### Work to be completed
Repeat exactly, and only, the lines from the line bearing "Spielberg contó un" through the end of the material. Do not copy the pictures.

### Data block
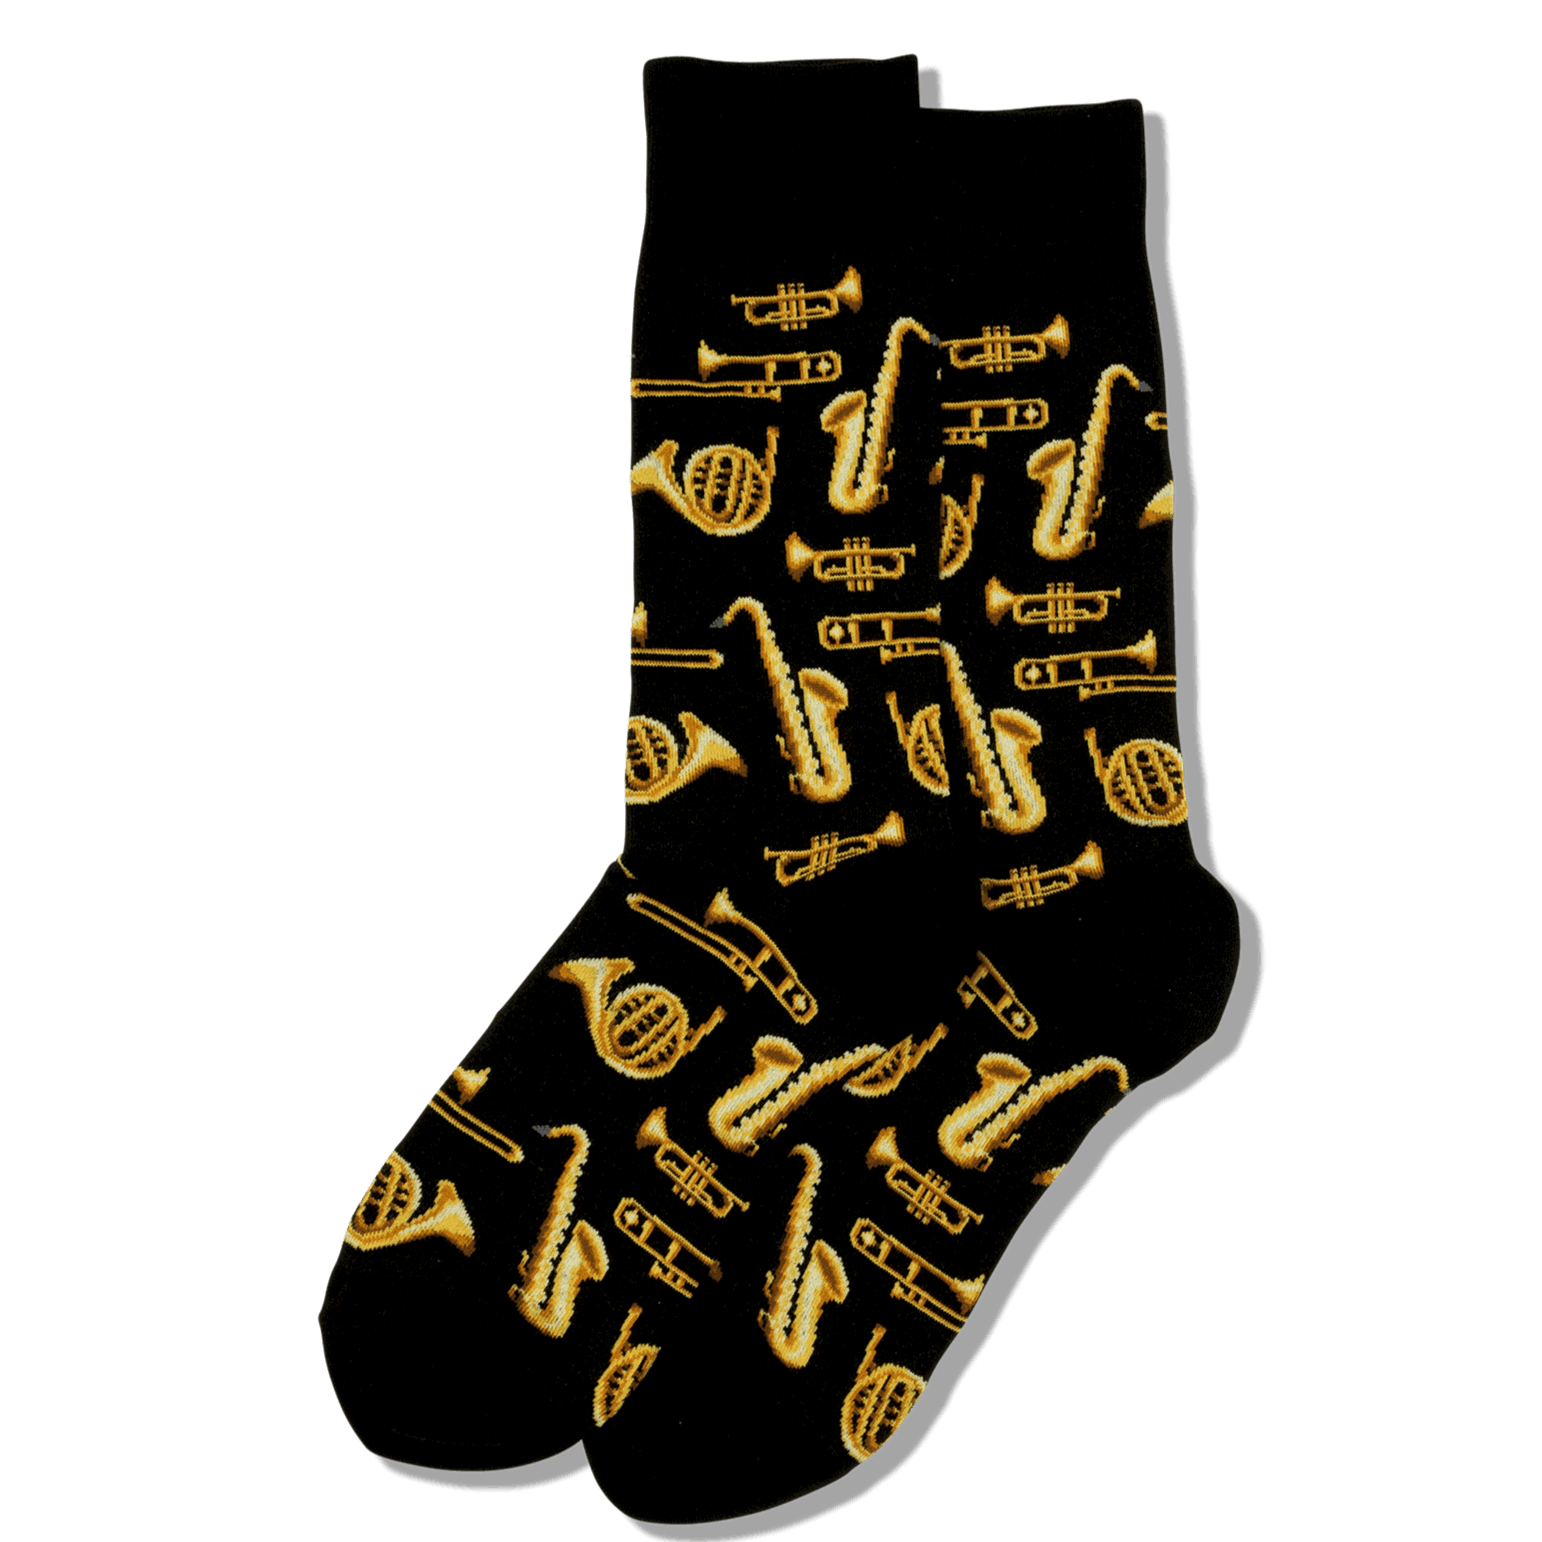 Jazz Instruments Socks Men's Crew Sock Black
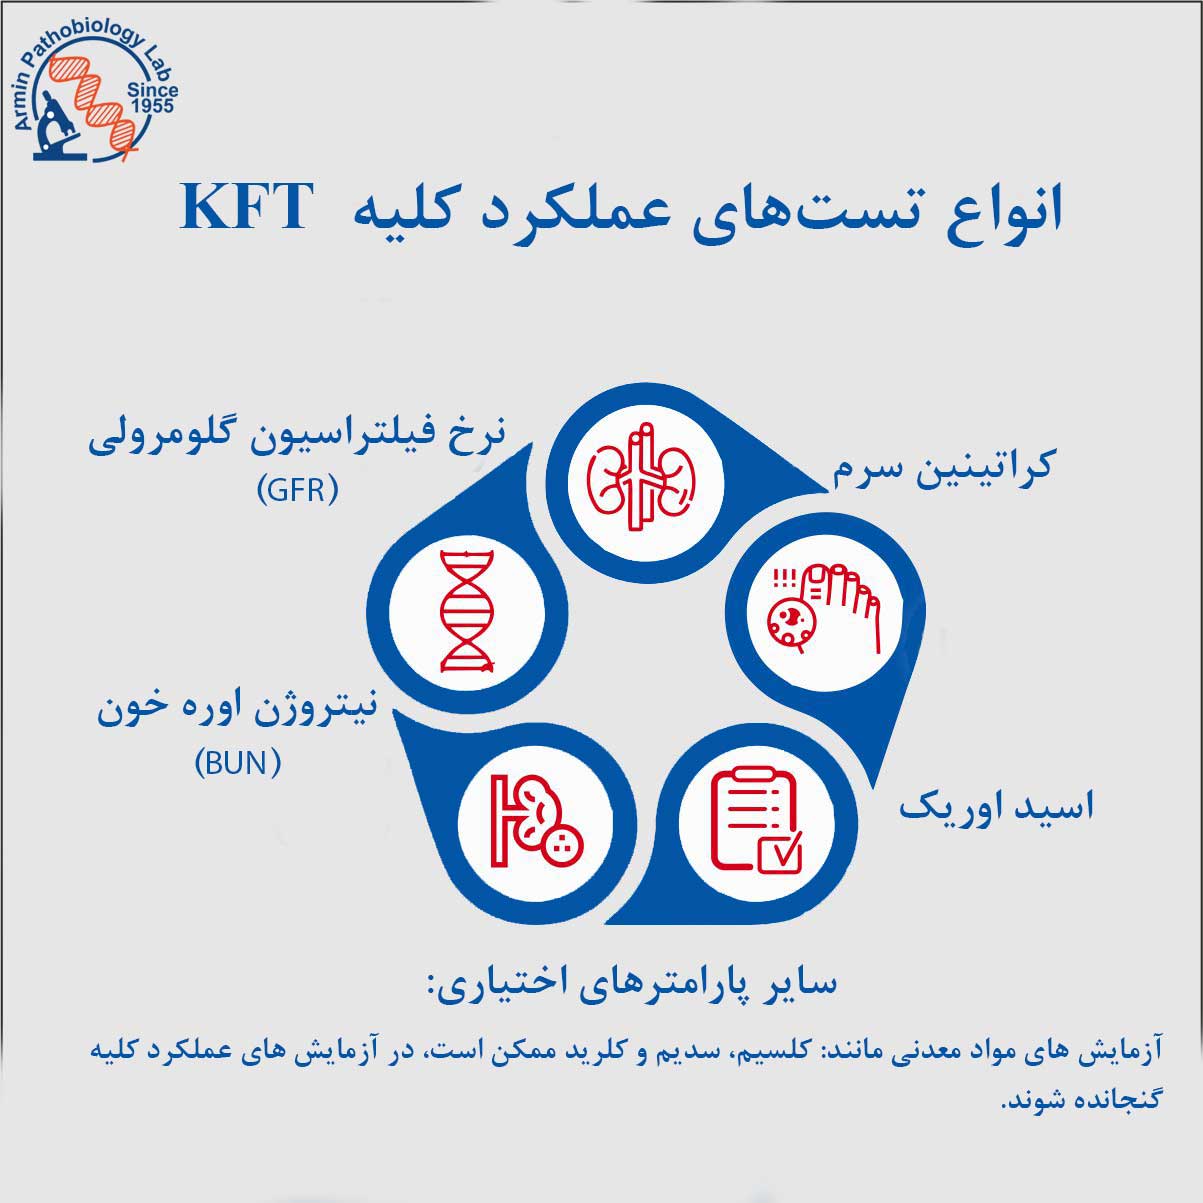 تست های عملکرد کلیه (KFT)
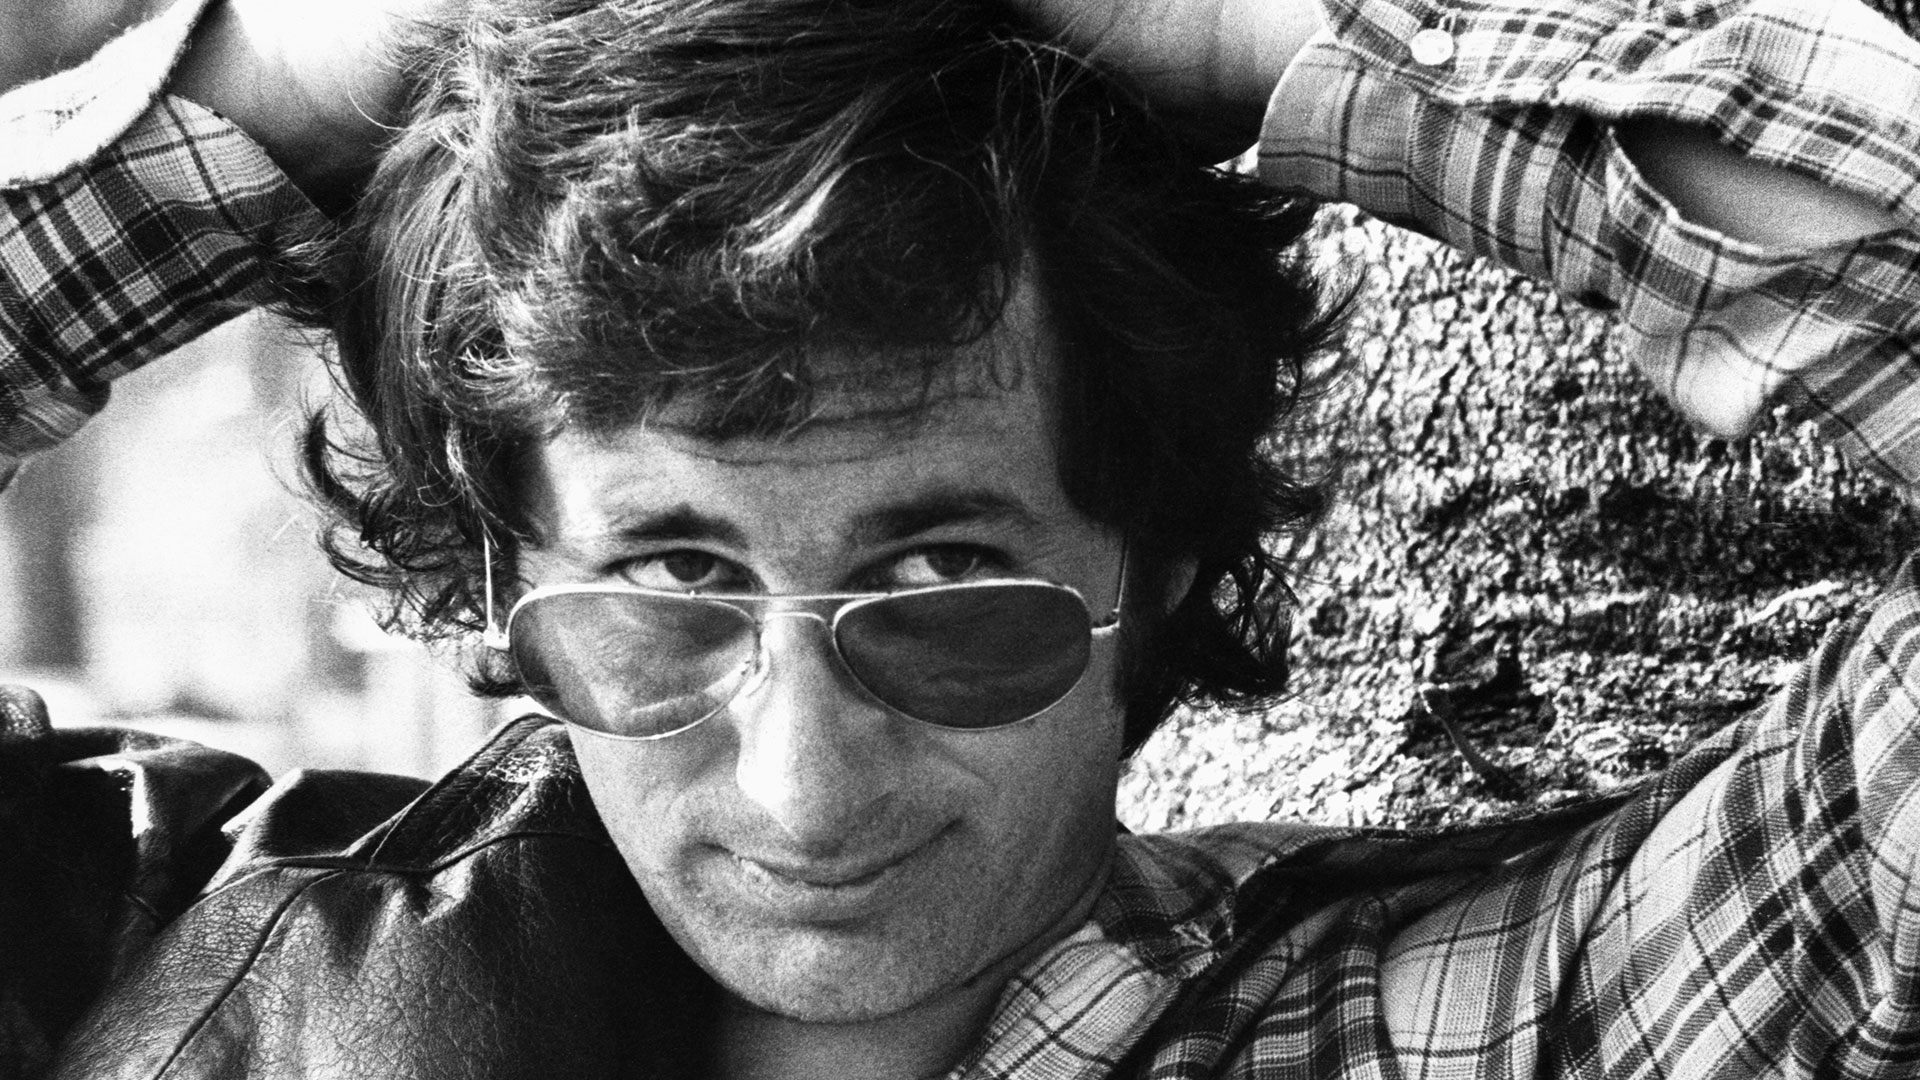 Spielberg contó un dato curioso sobre sus hábitos: “Nunca he tomado una taza de café en toda mi vida. Odio el sabor desde que era niño” (Foto: Getty Images)
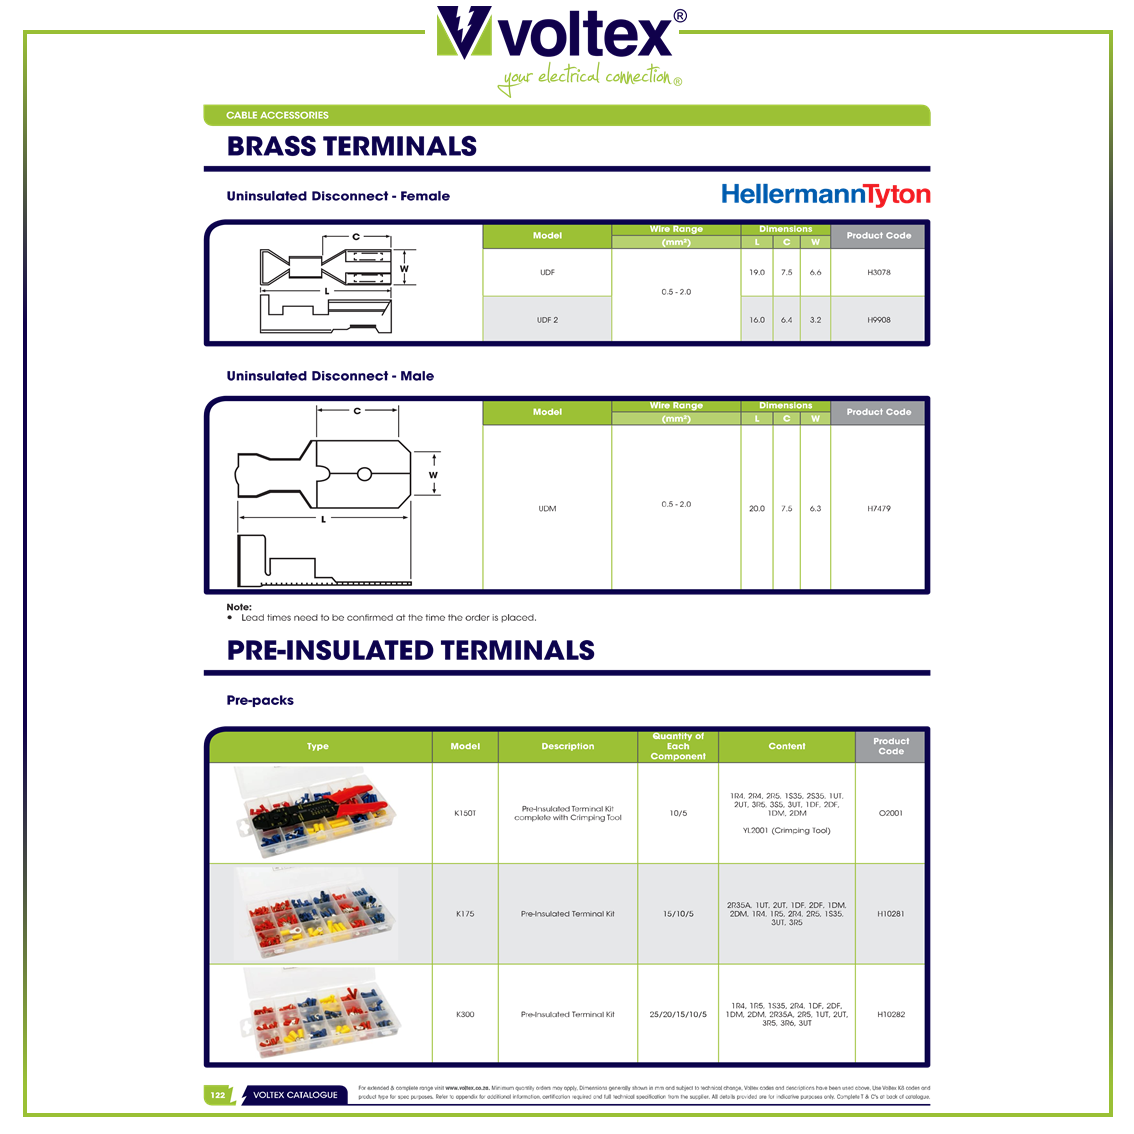 VOLTEX - Brass Terminals Catalogue

### Output for this task
 Spielberg contó un dato curioso sobre sus hábitos: “Nunca he tomado una taza de café en toda mi vida. Odio el sabor desde que era niño” (Foto: Getty Images)
 VOLTEX - Brass Terminals Catalogue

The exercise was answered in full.